When you reach the line containing "Paire de chaises", begin reproducing the lines exactly and continue through the end of the listing, leaving out the pictures.

**Given information**
· · · · · · ·

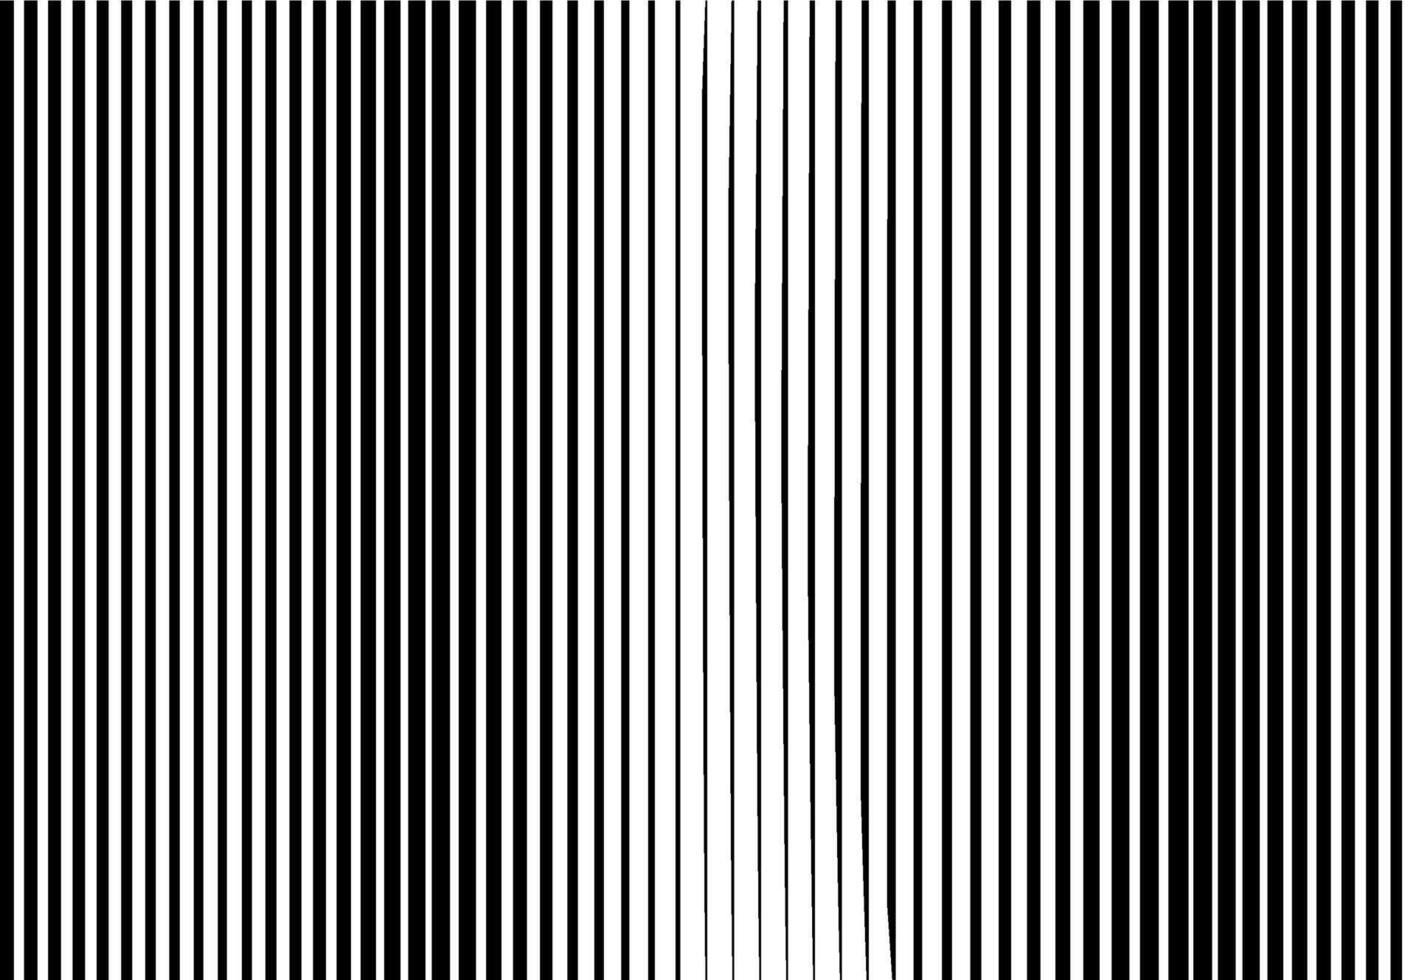 svartvit vertikal halvton lutning Ränder bakgrund. kommande från tunn till tjock. abstrakt geometrisk mönster med parallell rader. vektor
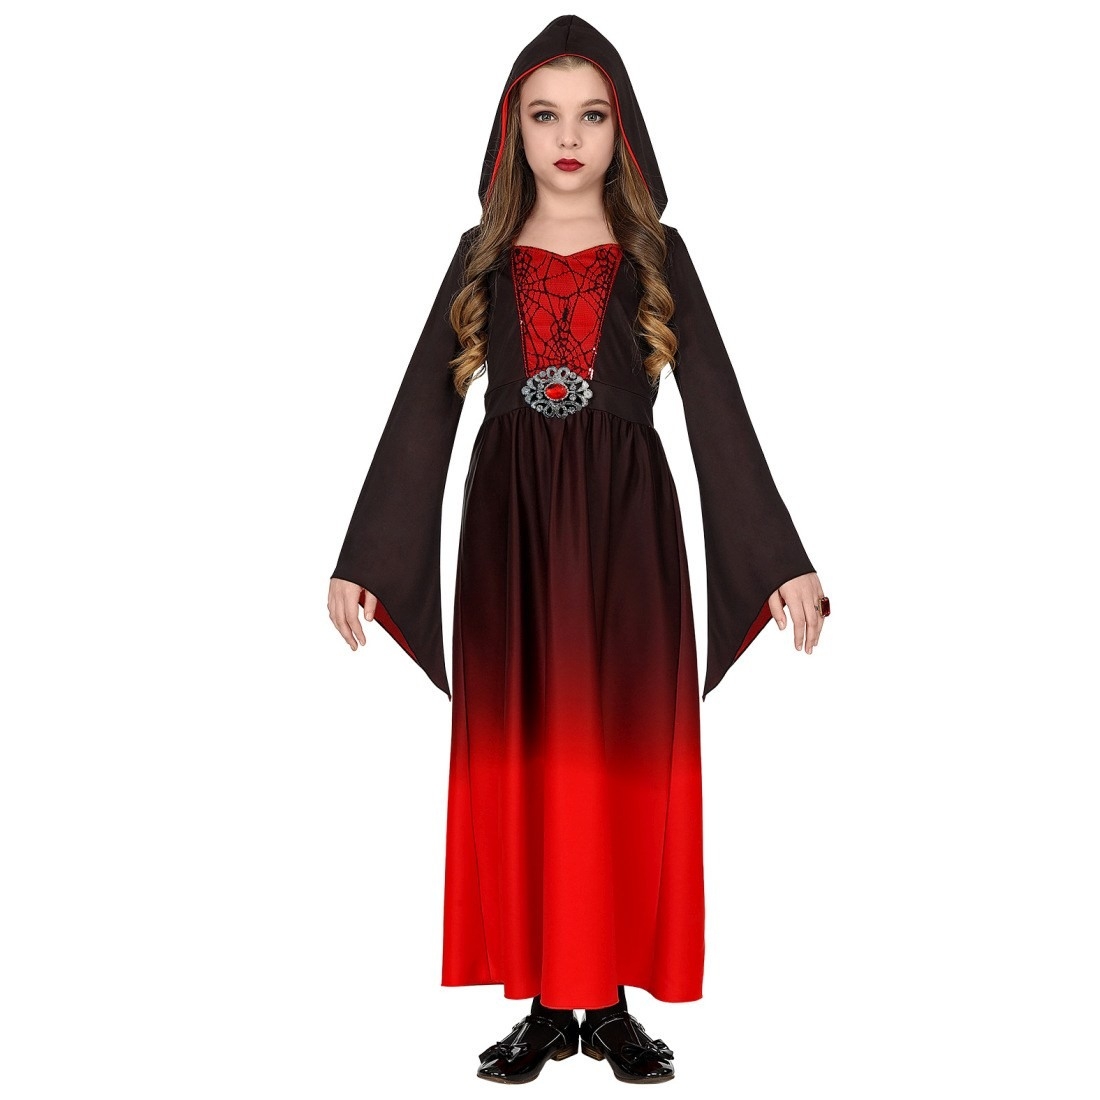 Designer Schön Kleid Rot Schwarz Boutique15 Einfach Kleid Rot Schwarz Ärmel
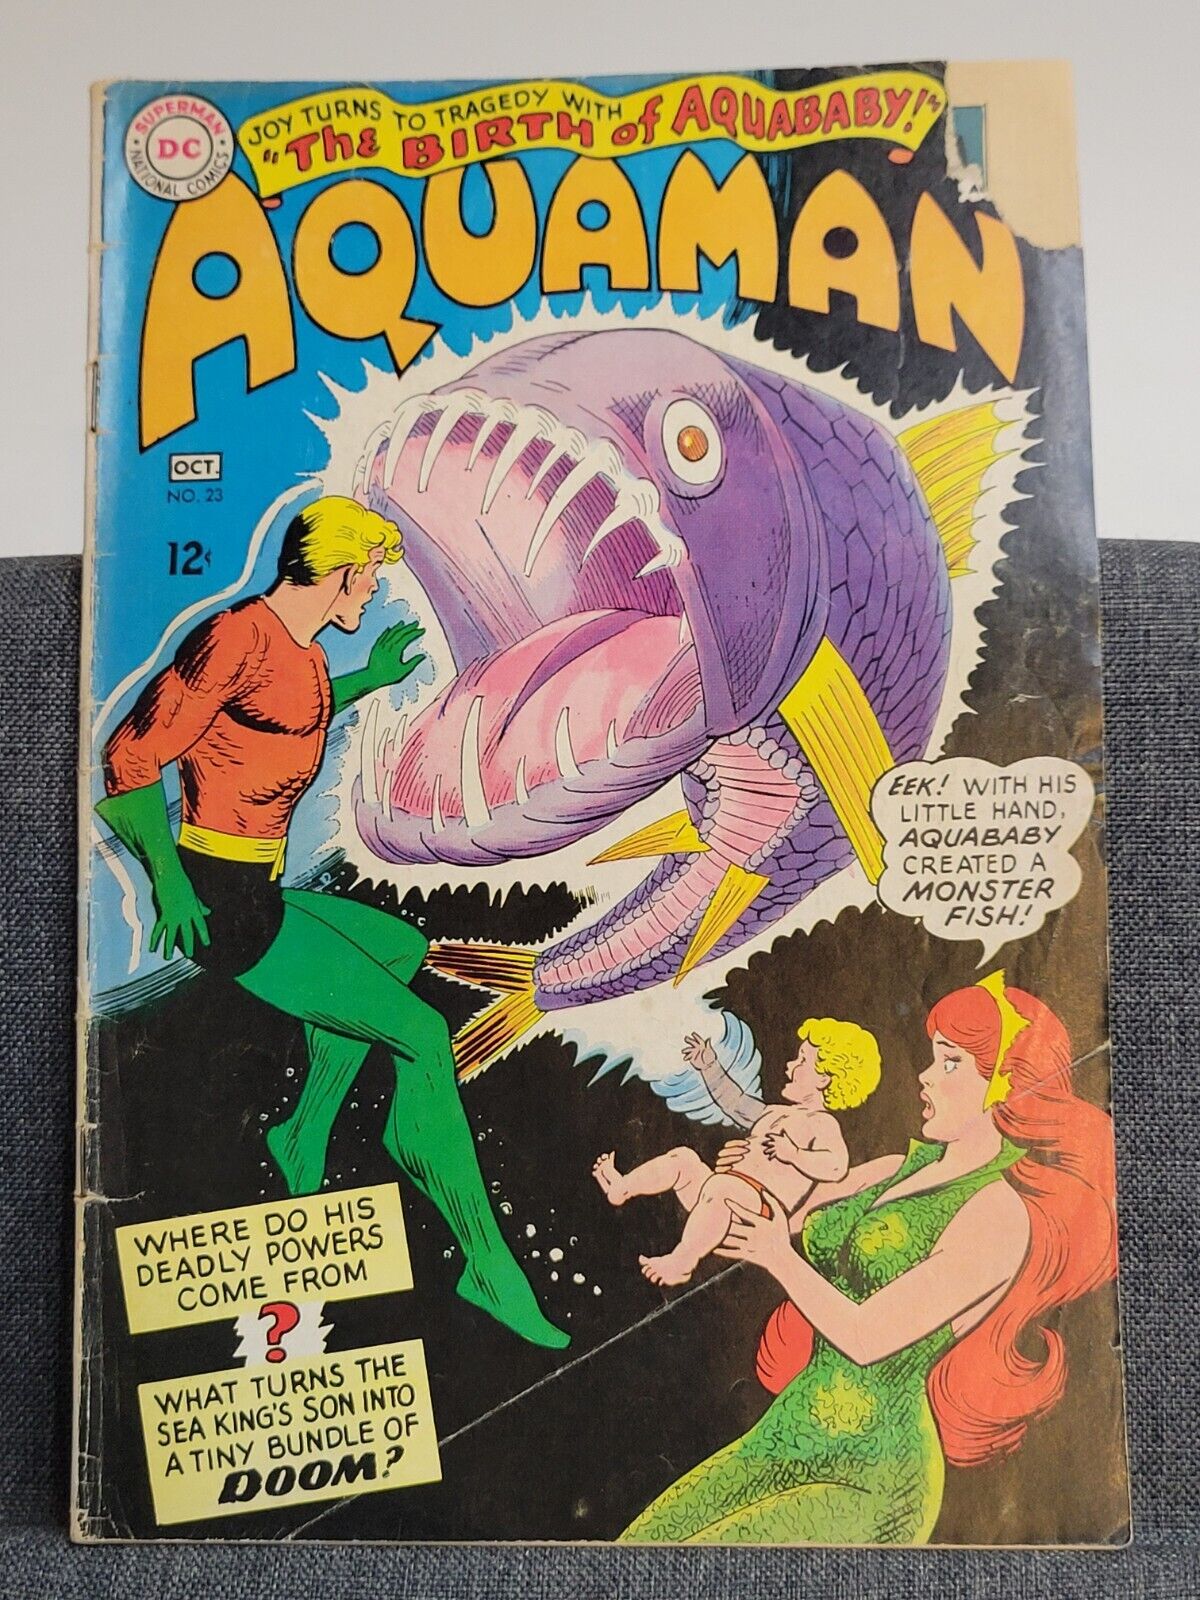 Aquaman #23 Comic Book  1st App Aquababy DC - Torn Cover 1965 Vintage 
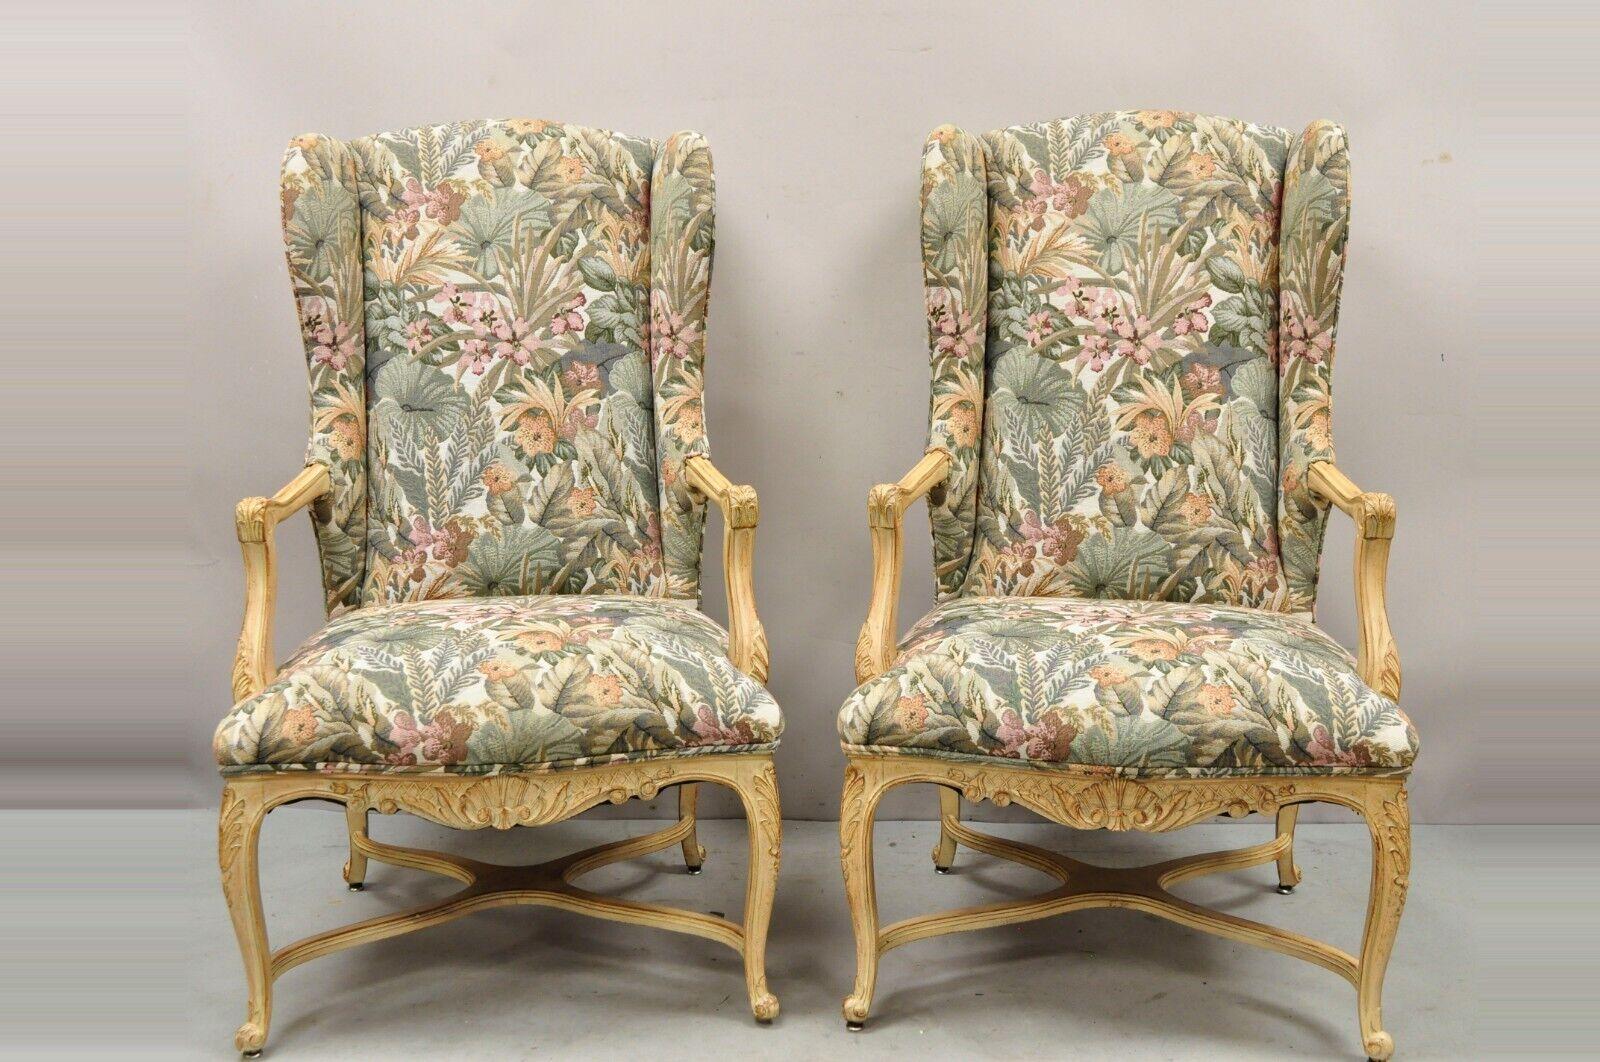 Paire de chaises de salon provinciales françaises de style Louis XV tapissées et à oreilles L'article présente une finition délavée en blanc, des dossiers ailés galbés, une base à traverses, une tapisserie à motifs floraux, des détails joliment
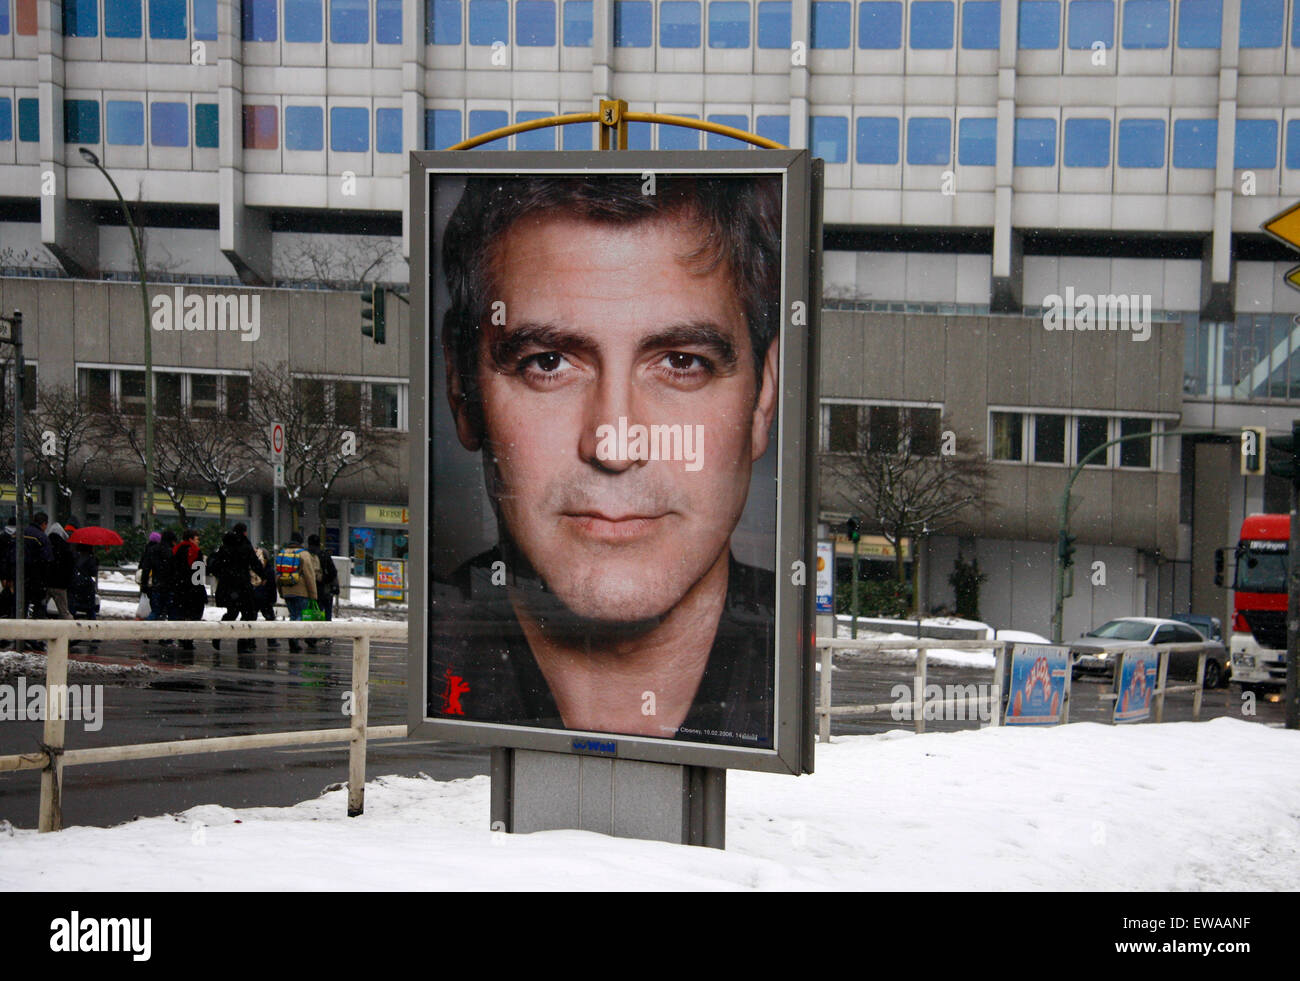 george Clooney - Schauspieler-Portraits im Schnee: Berlinale 2010 - Impressionen,12. Februar 2010, Berlin. Stock Photo
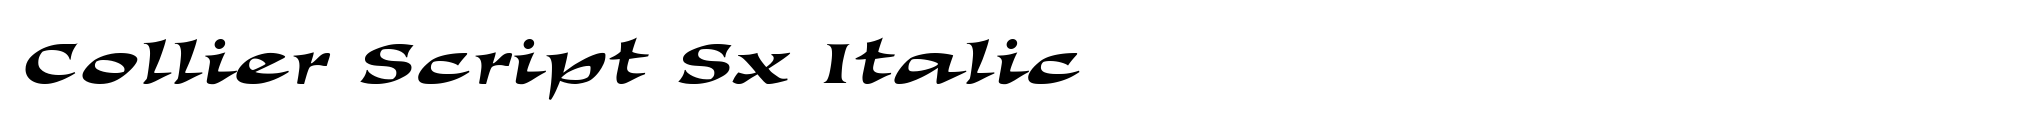 Collier Script Sx Italic image

· · · · · · ·

**Output**
 Paire de chaises de salon provinciales françaises de style Louis XV tapissées et à oreilles L'article présente une finition délavée en blanc, des dossiers ailés galbés, une base à traverses, une tapisserie à motifs floraux, des détails joliment
 george Clooney - Schauspieler-Portraits im Schnee: Berlinale 2010 - Impressionen,12. Februar 2010, Berlin. Stock Photo
 Collier Script Sx Italic image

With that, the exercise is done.